COMPARTILHAR

O Ocidente acredita que os palestinos vão se livrar do Hamas. É uma visão equivocada, pois eles não são contra a liderança do grupo

Já são mais de 600 focos de incêndio no sul de Israel, provocados pelas pipas incendiárias. Mesmo com toda tecnologia do exército israelense, por enquanto não há solução para o que já é chamado de “terror agrícola”

Sob o céu da fronteira entre Israel e a Faixa de Gaza, uma batalha vem sendo travada há três meses. De um lado, a força aérea mais poderosa do mundo. Do outro, um grupo terrorista e sua mais nova “arma secreta”: pipas incendiárias.

Tudo começou em março, quando os palestinos de Gaza, orientados pelo Hamas, iniciaram protestos violentos na fronteira, bem perto da cerca que separa Israel do território palestino. A revolta semanal já deixou 130 pessoas mortas. Na semana passada, o Egito mediou uma trégua (mais uma), mas as pipas, que já incendiaram pastagens, plantações, casas e até uma universidade, continuam caindo do outro lado da cerca.

Já são mais de 600 focos de incêndio no sul de Israel, provocados pelas pipas. Mesmo com toda tecnologia do exército israelense, por enquanto não há solução para o que já é chamado de “terror agrícola”.

Mas as pipas, que estão dando uma grande dor de cabeça ao exército israelense, são apenas mais um round de luta de uma série de embates sem fim, assim como são infinitas as propostas de soluções para a Faixa de Gaza. As mais sérias sempre citam uma injeção de ânimo na economia local como a melhor forma de tirar o território palestino, controlado pelo Hamas, do segundo nível do volume morto. A partir daí, o grupo terrorista, que também é um partido palestino, assumiria um governo comprometido com o bem-estar da população.

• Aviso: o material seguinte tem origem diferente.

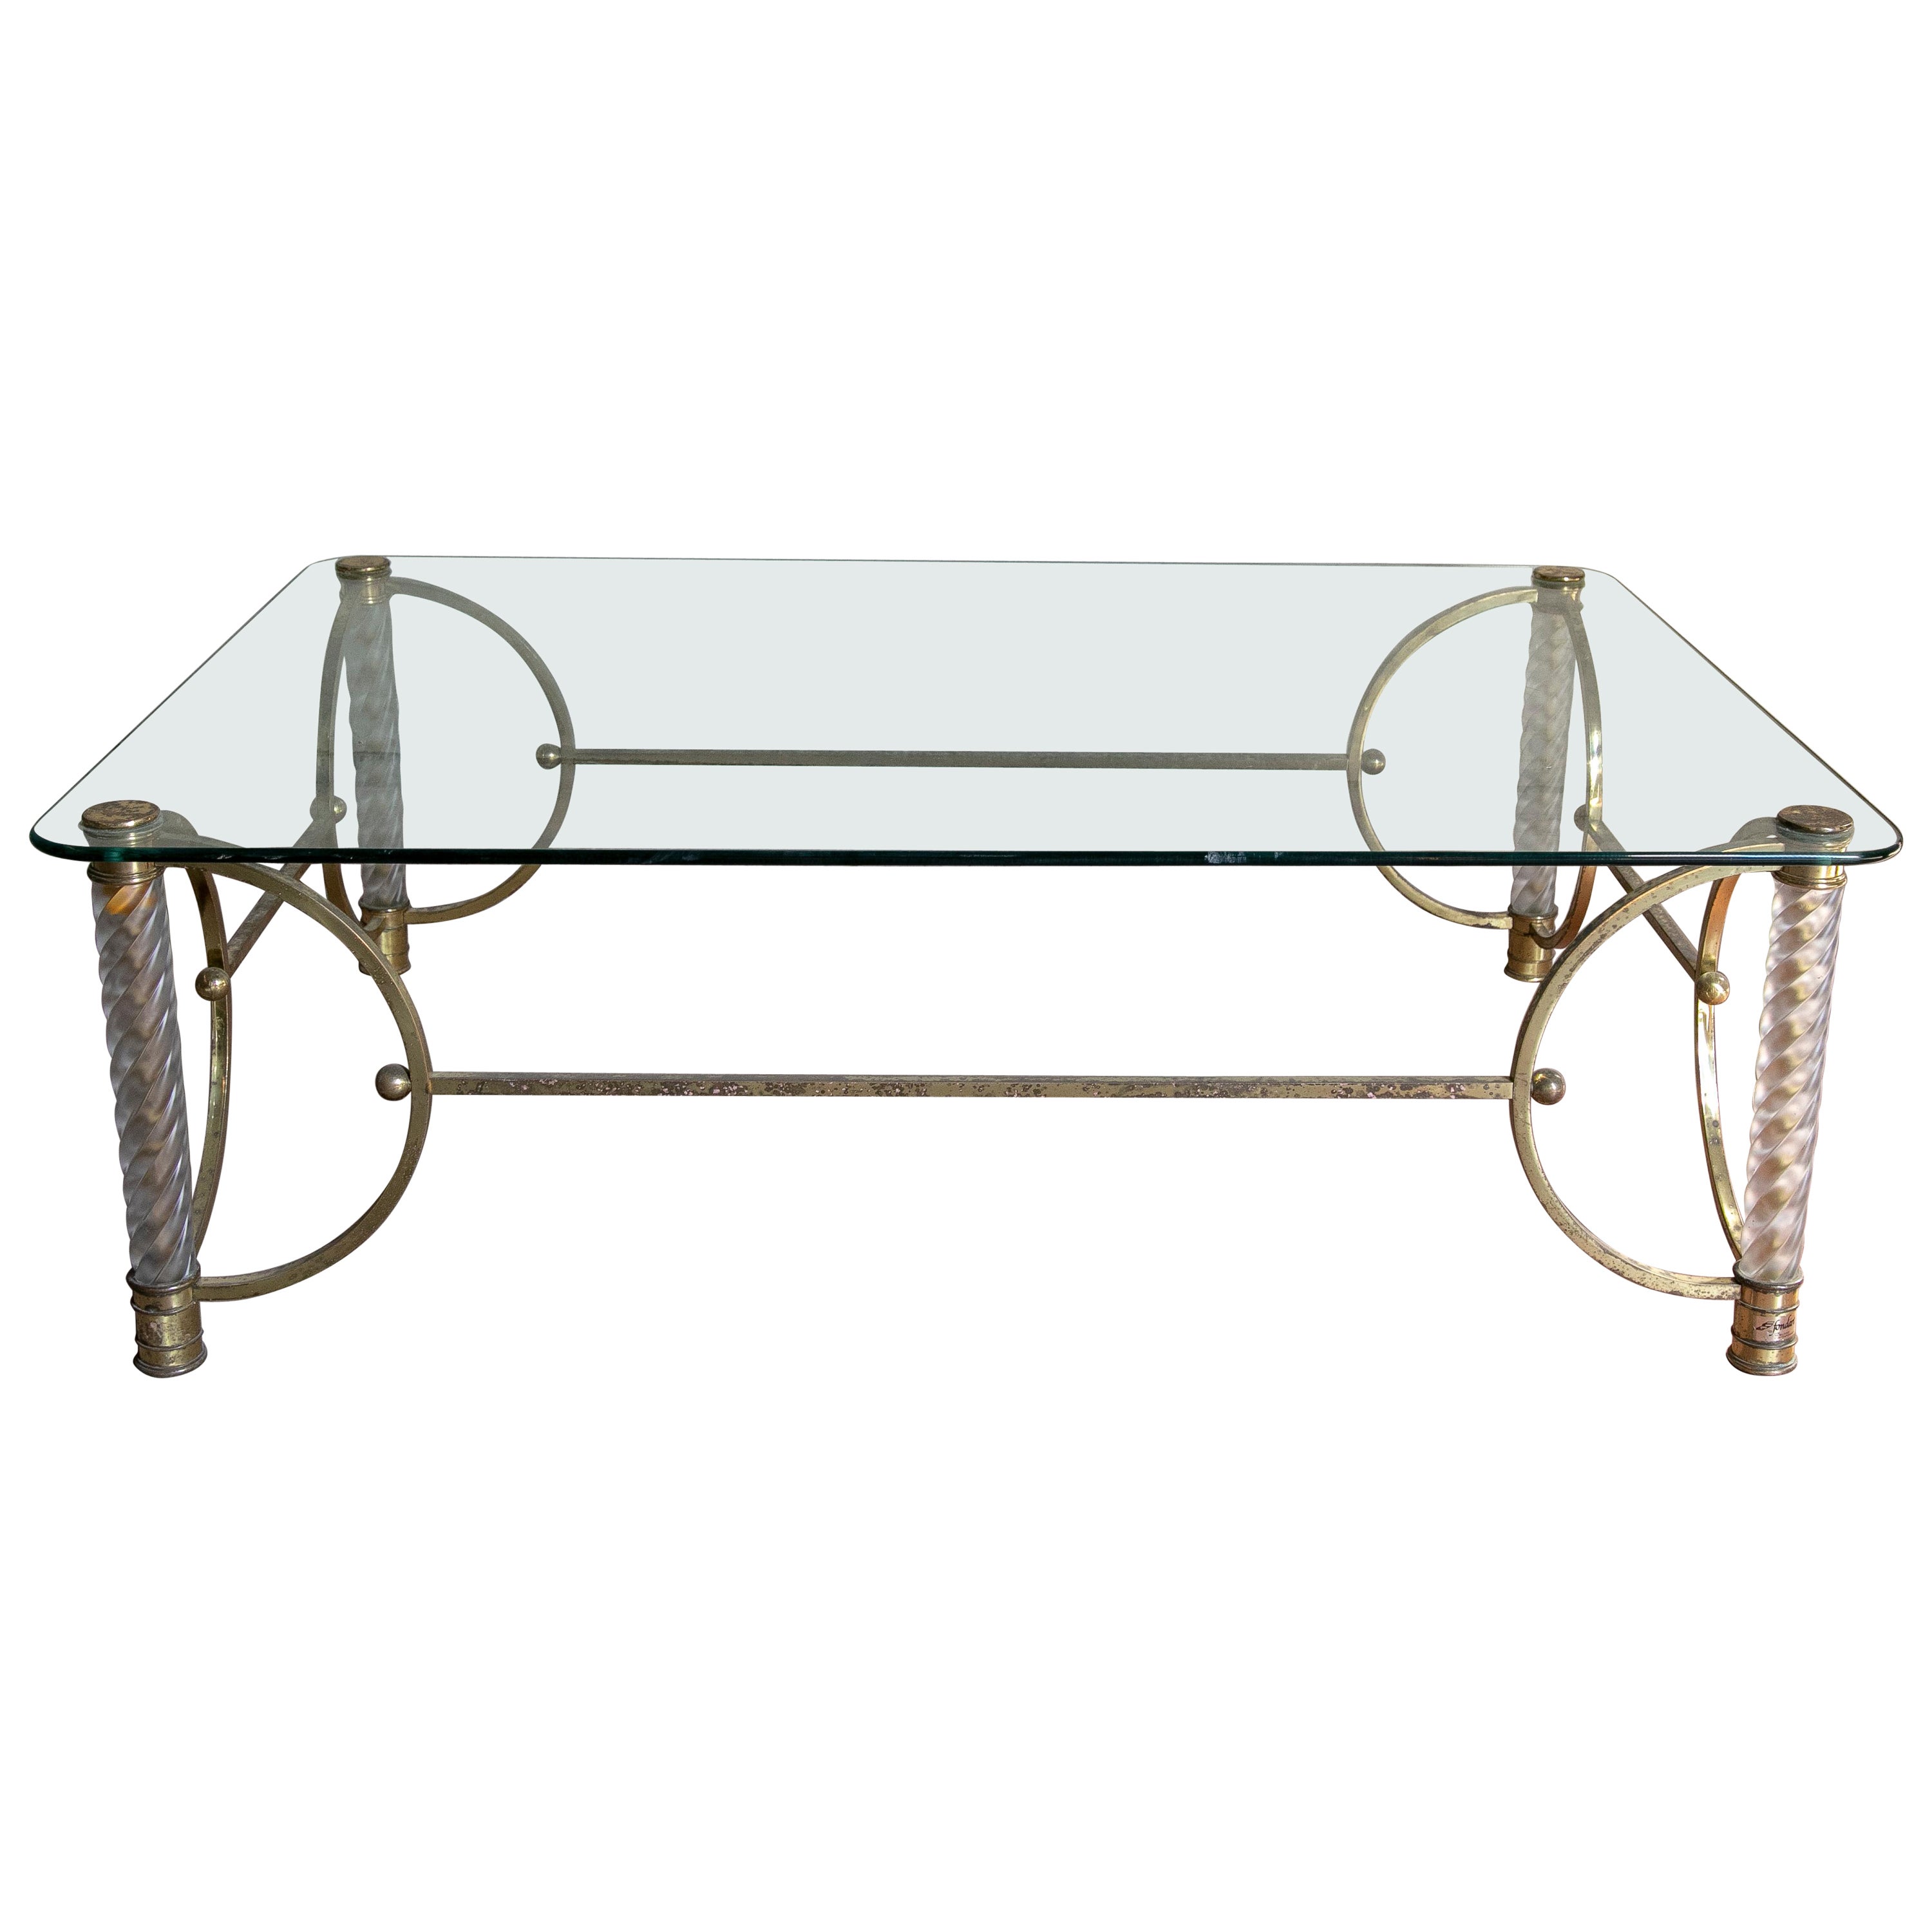 1970s Gilded Metal Table with Legs and Glass Table Top For Sale

É a forma como Ocidente, principalmente os países europeus, imagina que a engrenagem política palestina funciona. Para a Europa, a estabilização econômica da Faixa de Gaza passa pelo Hamas e os serviços que seu governo garante à po­pulação. Como essa possibilidade é praticamente nula, governos europeus imaginam que os palestinos vão se cansar e, por isso, vão se livrar do Hamas. Mas se esquecem que a lógica palestina não funciona dessa maneira. Os moradores de Gaza não são prisioneiros do grupo e apoiam suas ações. Em Gaza todos são pró-Hamas.

Muitos dizem que os palestinos de Gaza, se tiverem a chance de reconstruir o enclave — como resultado de uma economia mais vibrante —, certamente deixariam de lado sua devoção sagrada, o destino imutável de voltar para os seus vilarejos e cidades que um dia fizeram parte do cenário do que hoje é Israel, e já não existem mais. Mas eles sabem que, para isso, teriam de aceitar a existência e a soberania do Estado judeu, além de renunciar ao terror, possibilidade praticamente remota dada a realidade em campo.

E se os líderes do Hamas investissem os bilhões de dólares que entram em suas contas mundo afora em infraestrutura e não em mísseis e túneis, será que eles estariam traindo seu próprio destino? A resposta, infelizmente, é sim.

Enquanto as crianças da Faixa de Gaza estiverem revirando o lixo, enquanto o número de mártires aumentar cada vez mais e enquanto a vida for sofrida e lastimável nesse território — praticamente uma prisão a céu aberto —, o Hamas estará ganhando. É assim que eles conseguem “vencer” Israel, numa guerra desleal, mantida também pela mídia mundial, que, sabe-se, tem um viés histórico anti-Israel.

A miséria, a fome, o desespero, a guerra, enfim, as crises humanitárias são o combustível que mantêm viva a doutrina de sofrimento imposta pelo Hamas aos palestinos de Gaza.
Enquanto esta tocha estiver acesa, o mundo vai sempre apoiar o lado mais fraco, o que sofre. É da natureza humana. O Hamas sabe disso e usa essa ferramenta poderosa como ninguém. Esta sim, e não a pipa incendiária, é arma secreta do Hamas, e eles sabem usá-la como ninguém.